10.3390/pharmaceutics11090425 ◽

2019 ◽

Vol 11 (9) ◽

pp. 425 ◽

Cited By ~ 4

Author(s):

Edueng ◽

Bergström ◽

Gråsjö ◽

Mahlin

Keyword(s):

Glass Transition ◽

Transition Temperature ◽

Glass Transition Temperature ◽

Physicochemical Properties ◽

Physical Stability ◽

Glass Forming Ability ◽

Melt Quenching ◽

Glass Forming ◽

Spray Dried

This study shows the importance of the chosen method for assessing the glass-forming ability (GFA) and glass stability (GS) of a drug compound. Traditionally, GFA and GS are established using in situ melt-quenching in a differential scanning calorimeter. In this study, we included 26 structurally diverse glass-forming drugs (i) to compare the GFA class when the model drugs were produced by spray-drying with that when melt-quenching was used, (ii) to investigate the long-term physical stability of the resulting amorphous solids, and (iii) to investigate the relationship between physicochemical properties and the GFA of spray-dried solids and their long-term physical stability. The spray-dried solids were exposed to dry (<5% RH) and humid (75% RH) conditions for six months at 25 °C. The crystallization of the spray-dried solids under these conditions was monitored using a combination of solid-state characterization techniques including differential scanning calorimetry, Raman spectroscopy, and powder X-ray diffraction.
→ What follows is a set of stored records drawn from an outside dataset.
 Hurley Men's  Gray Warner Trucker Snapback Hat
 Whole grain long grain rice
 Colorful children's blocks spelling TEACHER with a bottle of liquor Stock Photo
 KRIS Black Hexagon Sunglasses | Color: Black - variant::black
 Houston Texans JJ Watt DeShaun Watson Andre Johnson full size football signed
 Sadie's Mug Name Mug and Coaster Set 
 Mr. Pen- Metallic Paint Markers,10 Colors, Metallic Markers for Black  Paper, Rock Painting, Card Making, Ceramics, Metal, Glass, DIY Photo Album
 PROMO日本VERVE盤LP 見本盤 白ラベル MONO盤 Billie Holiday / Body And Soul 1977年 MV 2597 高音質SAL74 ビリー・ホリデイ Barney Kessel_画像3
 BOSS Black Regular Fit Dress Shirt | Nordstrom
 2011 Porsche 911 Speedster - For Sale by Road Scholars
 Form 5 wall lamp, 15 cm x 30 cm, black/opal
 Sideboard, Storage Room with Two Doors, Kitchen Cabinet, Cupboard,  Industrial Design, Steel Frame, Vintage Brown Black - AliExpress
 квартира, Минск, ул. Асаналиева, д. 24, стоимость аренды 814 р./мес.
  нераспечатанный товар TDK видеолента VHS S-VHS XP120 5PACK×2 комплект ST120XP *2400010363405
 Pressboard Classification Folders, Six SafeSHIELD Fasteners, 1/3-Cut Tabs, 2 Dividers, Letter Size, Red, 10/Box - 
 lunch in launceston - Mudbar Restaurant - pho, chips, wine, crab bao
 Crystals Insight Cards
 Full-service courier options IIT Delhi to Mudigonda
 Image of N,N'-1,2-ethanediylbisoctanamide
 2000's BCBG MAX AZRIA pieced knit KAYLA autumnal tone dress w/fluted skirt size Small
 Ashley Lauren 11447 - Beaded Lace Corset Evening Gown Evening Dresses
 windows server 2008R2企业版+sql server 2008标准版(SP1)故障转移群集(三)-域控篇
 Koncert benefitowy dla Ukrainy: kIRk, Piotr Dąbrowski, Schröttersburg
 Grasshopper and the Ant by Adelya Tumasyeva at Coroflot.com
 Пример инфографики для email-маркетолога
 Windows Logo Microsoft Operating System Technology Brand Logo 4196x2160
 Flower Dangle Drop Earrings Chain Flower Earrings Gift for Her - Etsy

The GFA/GS class assignment for 85% of the model compounds was method-dependent, with significant differences between spray-drying and melt-quenching methods. The long-term physical stability under dry condition of the compounds was predictable from GFA/GS classification and glass transition and crystallization temperatures. However, the stability upon storage at 75% RH could not be predicted from the same data. There was no strong correlation between the physicochemical properties explored and the GFA class or long-term physical stability. However, there was a slight tendency for compounds with a relatively larger molecular weight, higher glass transition temperature, higher crystallization temperature, higher melting point and higher reduced glass transition temperature to have better GFA and better physical stability. In contrast, a high heat of fusion and entropy of fusion seemed to have a negative impact on the GFA and physical stability of our dataset.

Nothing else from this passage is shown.